Some days I miss her, some days I hate her, but the worst part of it all is that I can't do a single thing about it. She hates me for some reason, and there's nothing that I could ever do or say to win her back. The course of my life is forever changed, and I will never trust another woman.

And even still, some nights I'm reminded of those five years we spent together, and if she were to text me right then and apologize, I'd fall for her all over again. I know that won't happen though, so I'll just keep hating her.

October 30th, 2025
7:39pm

I'm currently listening to some At the Drive-In, highly recommend if you don't know them.

Man, life has been pretty hectic this past month, or honestly these past few months. This past Sunday I went to church alone for the first time in my adult life. I'll be honest, it was a great experience, and I plan on going back this Sunday, but boy was it stressful. I don't know anyone there, so it's naturally a bit uncomfortable at first, but I like to view it this way: the anxiety I feel from being there is Satan losing his hold over me, and desperately trying to regain it by making me want to leave. It's for that reason though, that I'm going to stick with it. I want to become a member of the Greek Orthodox Church.

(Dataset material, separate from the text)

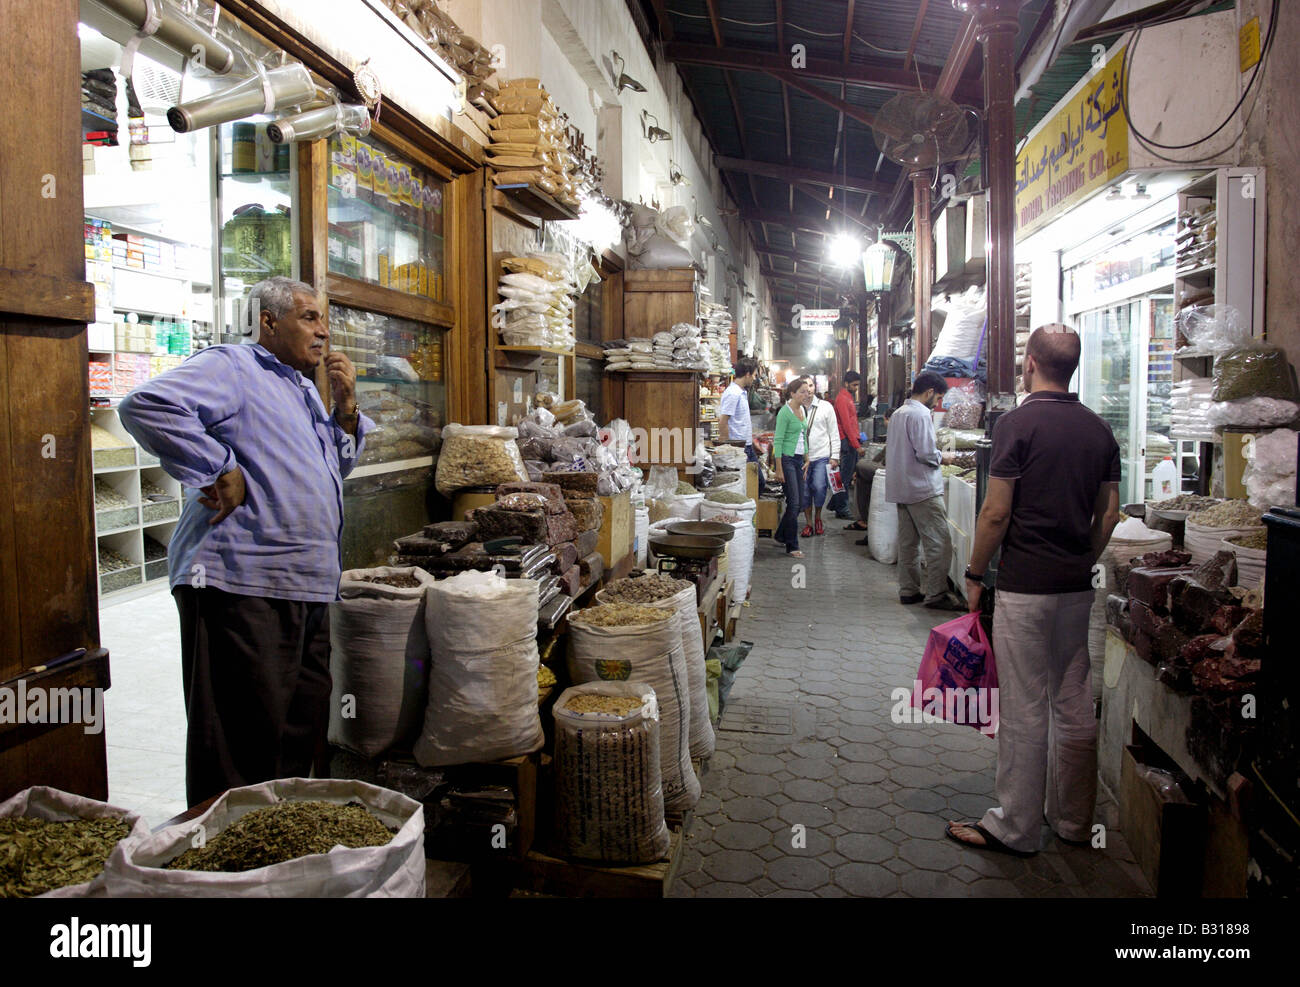 Un negozio di spezie in un mercato di strada, Dubai, Emirati Arabi Uniti Foto Stock

This all is the result of about three or so years of spiritual exploration, but I'd say the catalyst to this is my girlfriend of five years breaking up with me. I've never experienced something like that before, but the closest thing I can compare it to is an actual death. It hurt more than the death of my childhood dog, but I'm finally getting over it, mainly thanks to God, my friends, and my family. I wish her the best, even if she doesn't the same for me. For a little bit I thought that maybe I could try dating other girls, but I quickly realized that was the wrong path to go down, so I've accepted that I'm just going to be alone for a while.

To look on the bright side though, I can finally put all of my focus and effort on my own future. Although honestly I've begun to realize these past few years that dedicating yourself to your own interests is probably the worst decision you can possibly make. It brings to mind all of the poor 50/60-something women that will never have a family because they prioritized college and their careers for their entire lives, and now they're old and cynical and bitter... and forever alone. I pray to God every day that he will someday bless me with a beautiful woman that I can love and dedicate my life to. I thought he already had, but I suppose God saw that I wasn't ready, and took this opportunity to strengthen me. I'm still not ready yet, but I will be when the time comes. And when that time does come, I will seize that opportunity without hesitation.

More is lost by indecision than by wrong decision.